**What is expected:** From the line containing "Happy Valentines Day" to the last line of the data below, copy everything exactly and nothing else; pictures stay out.

**Raw data:**
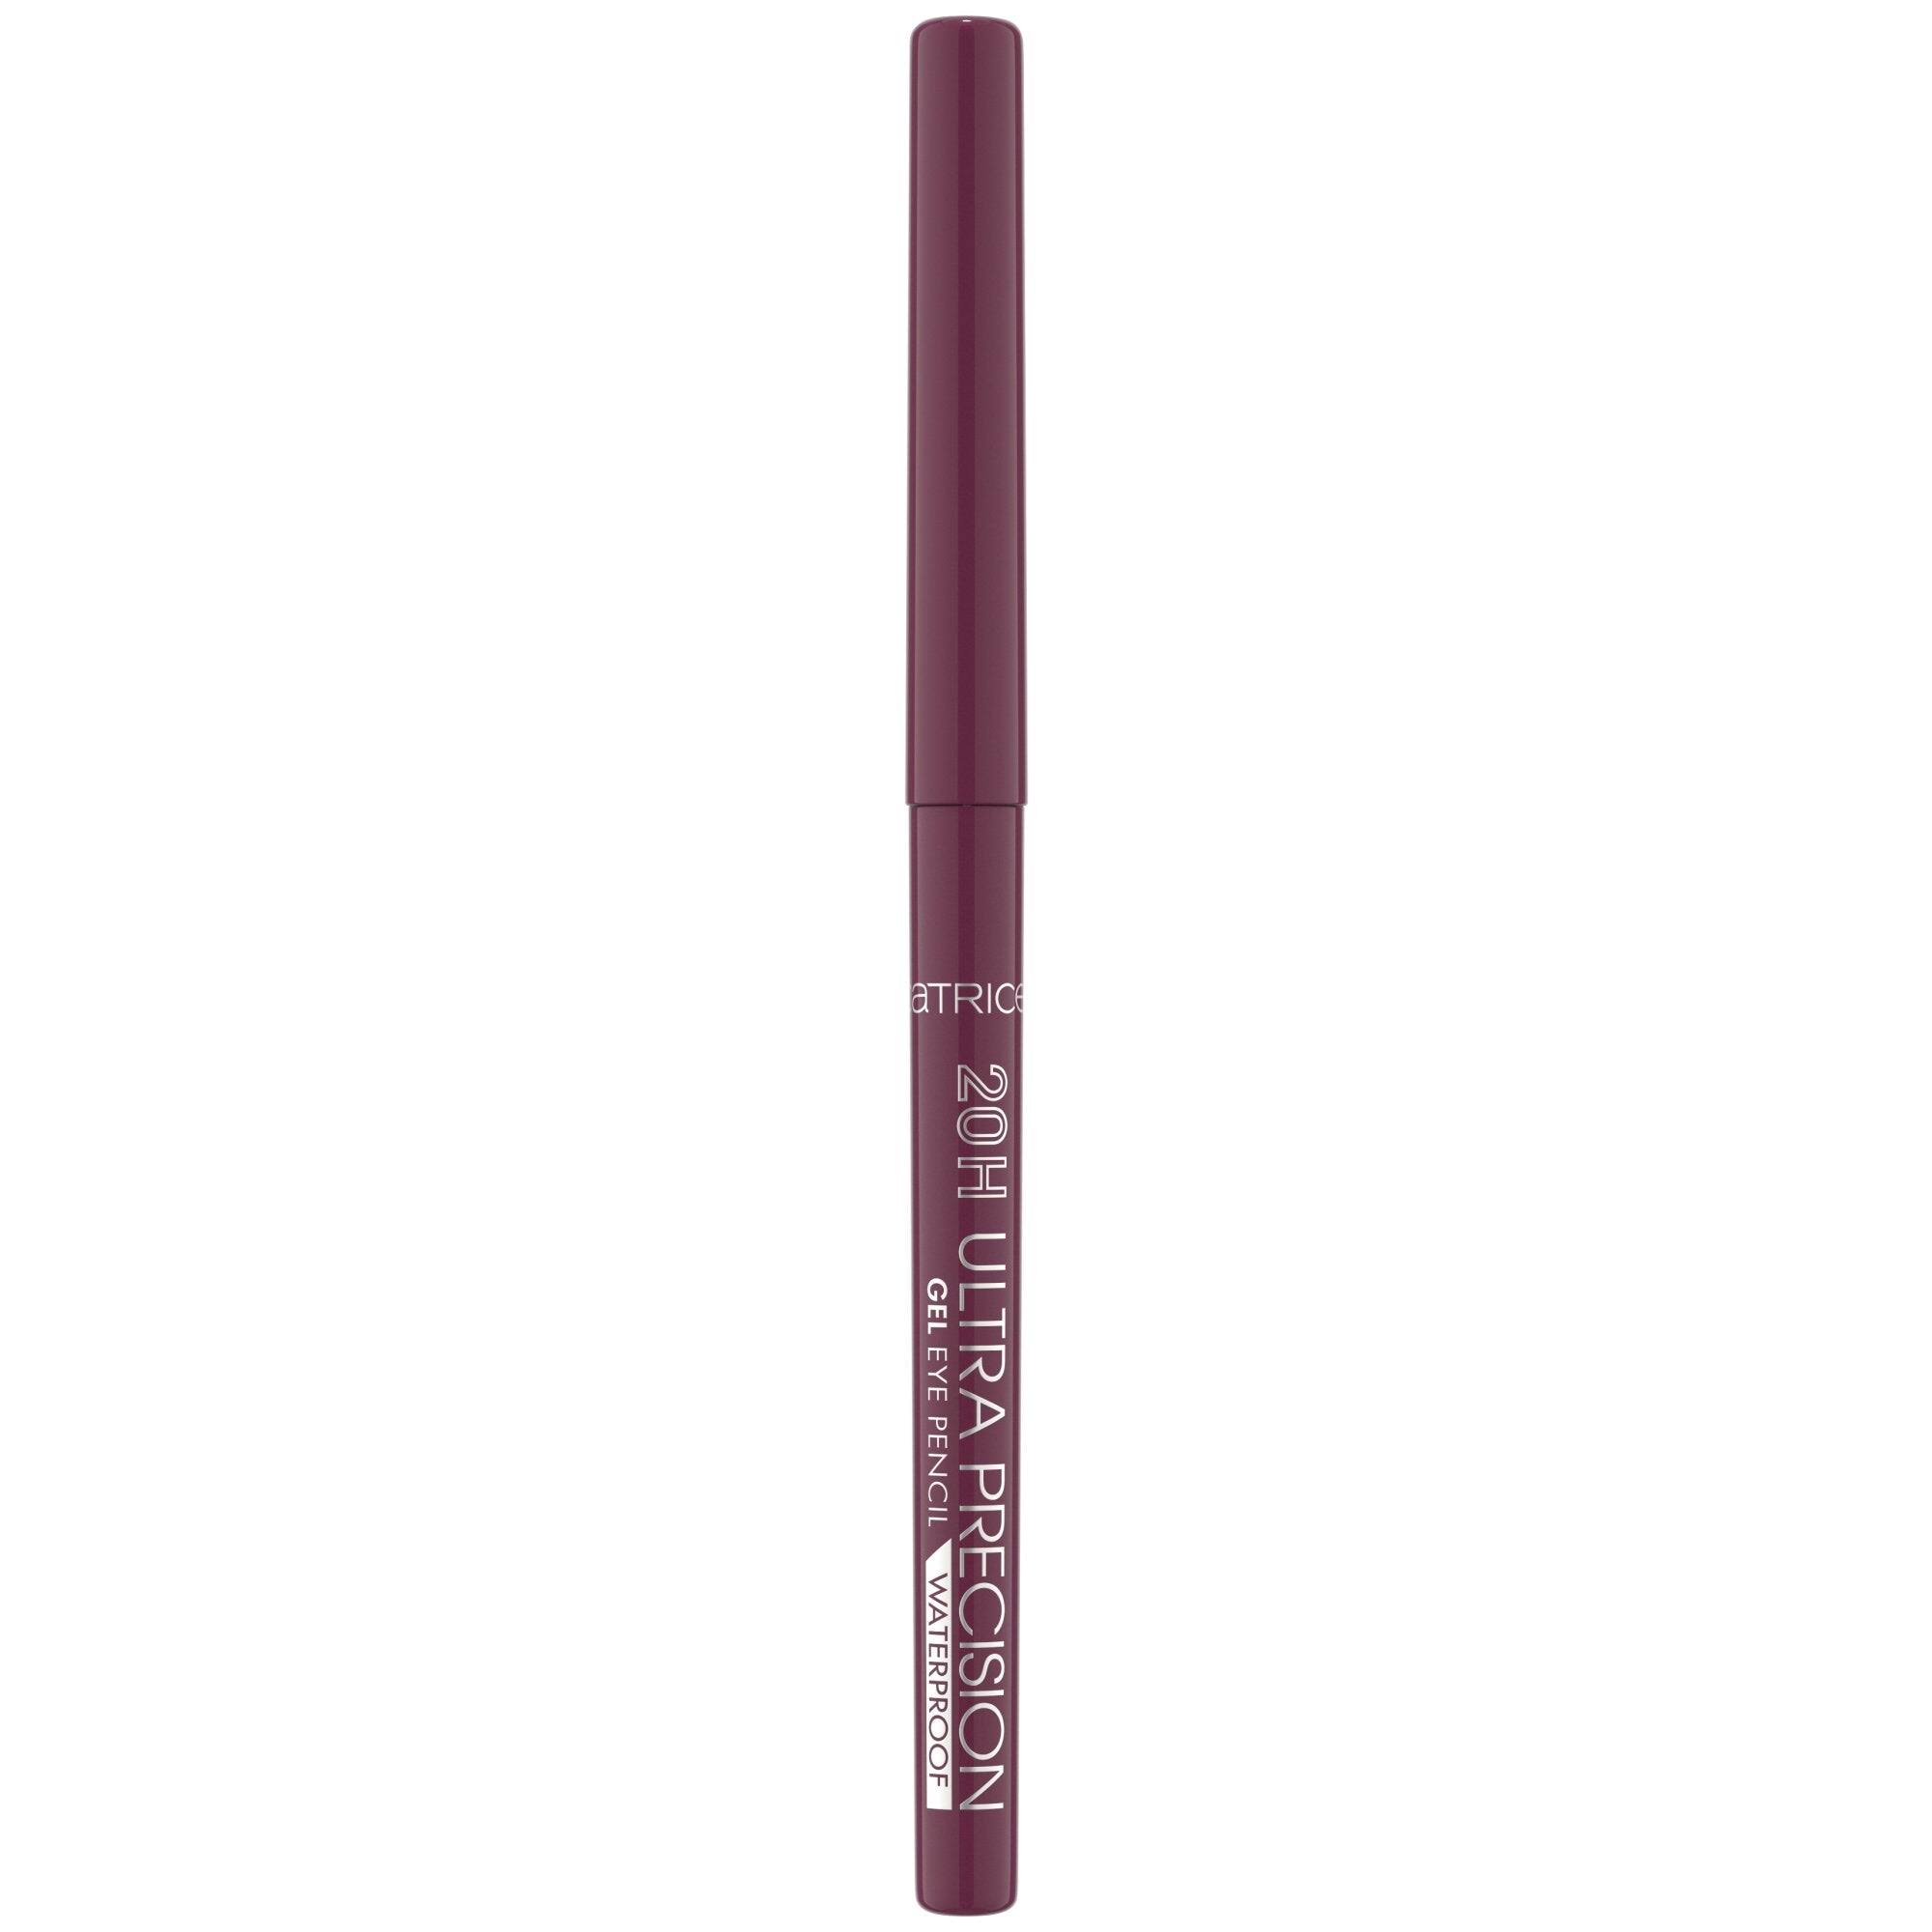 Catrice 20H Ultra Precision Gel Eye Pencil Waterproof Color 080 Berry Plum
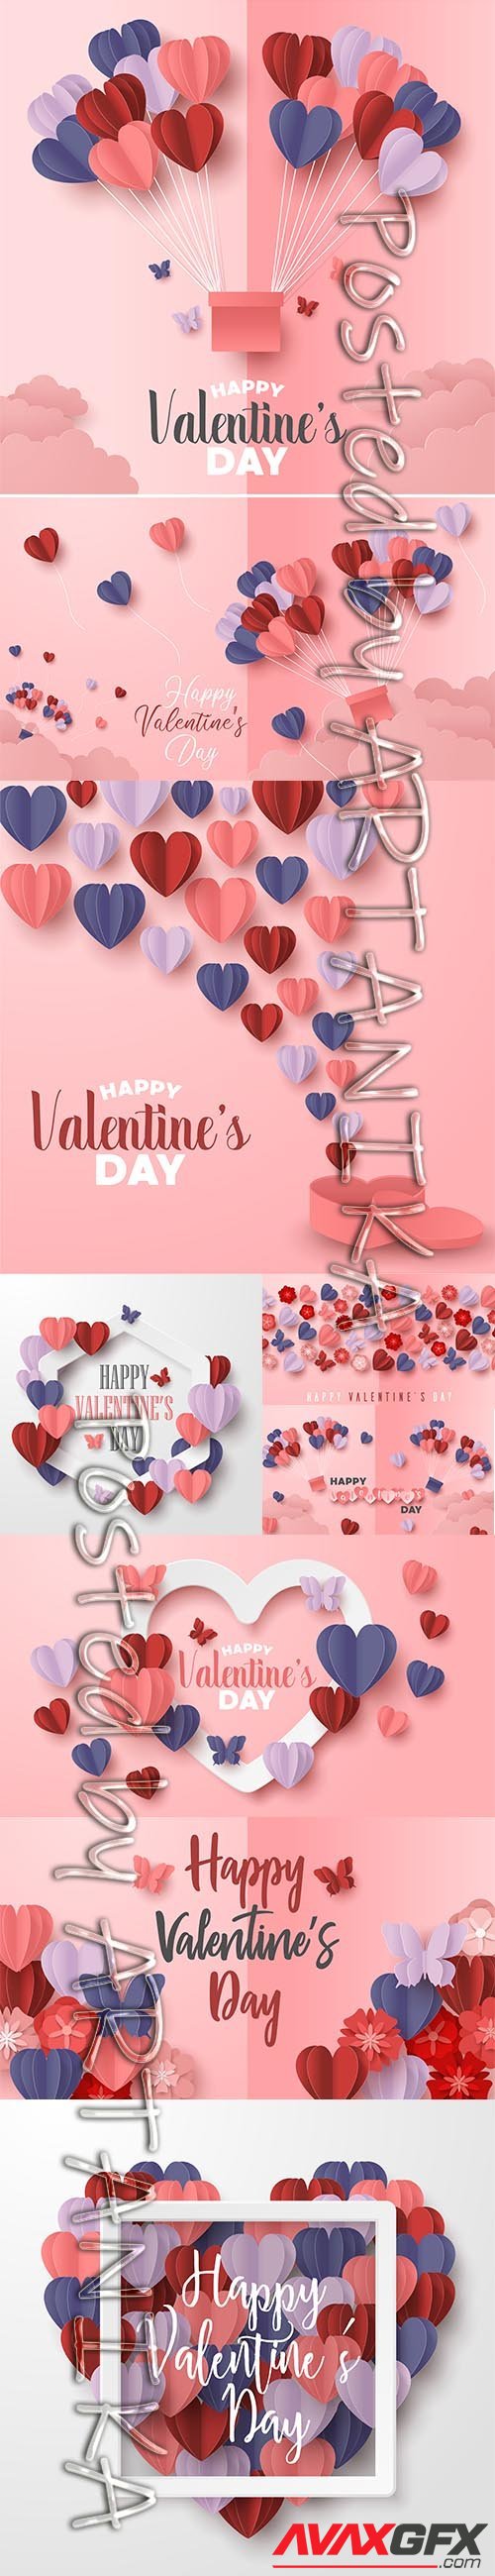 Happy Valentines Day Illustration Vector Set Vol 8
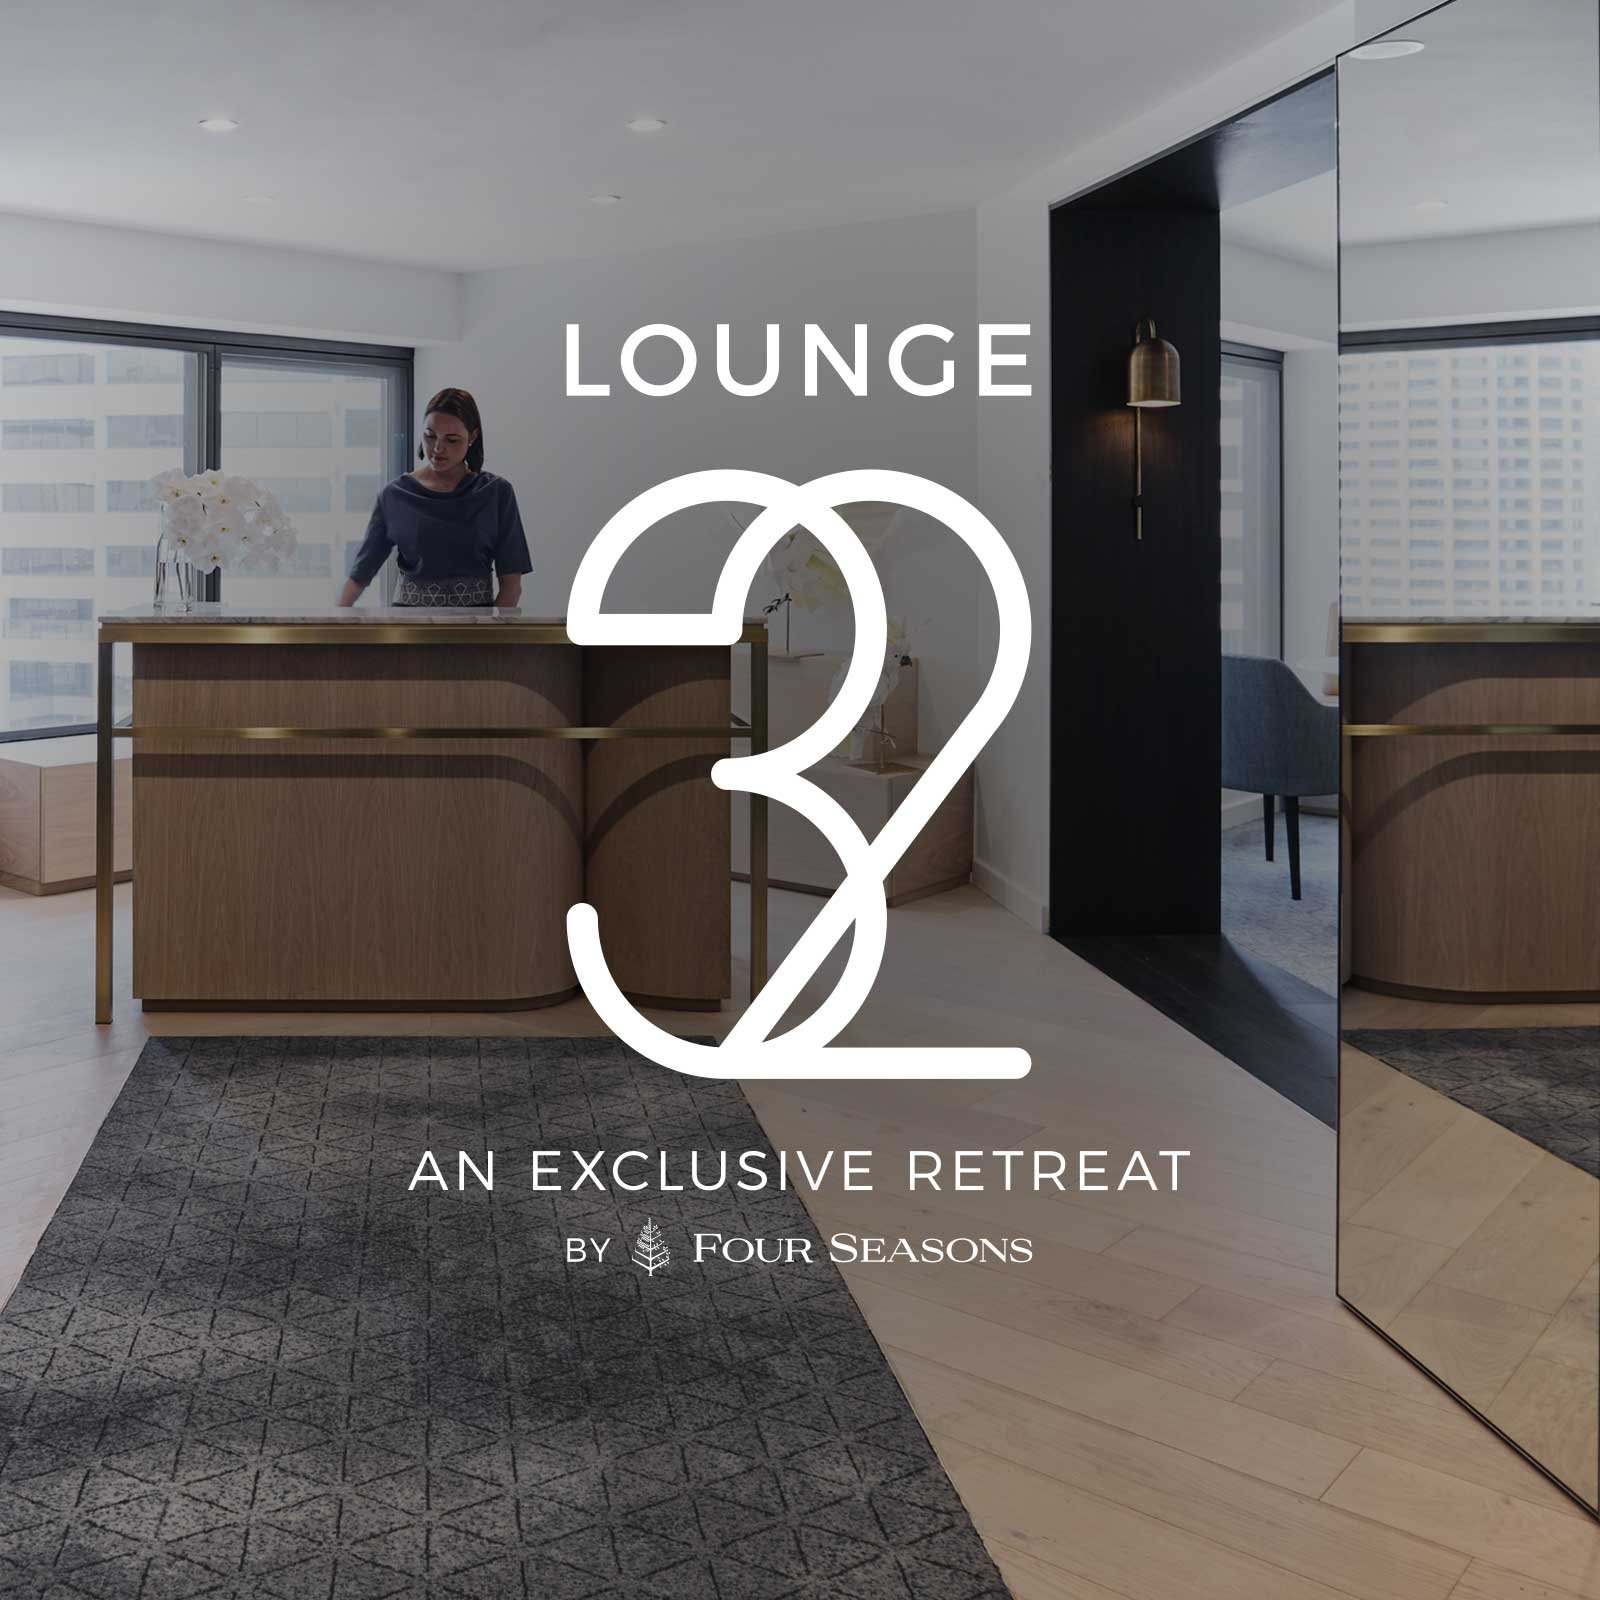 Taffy Design - Lounge 32 Four Seasons Hotel Sydney

**Response:**
 Happy Valentines Day Illustration Vector Set Vol 8
 Taffy Design - Lounge 32 Four Seasons Hotel Sydney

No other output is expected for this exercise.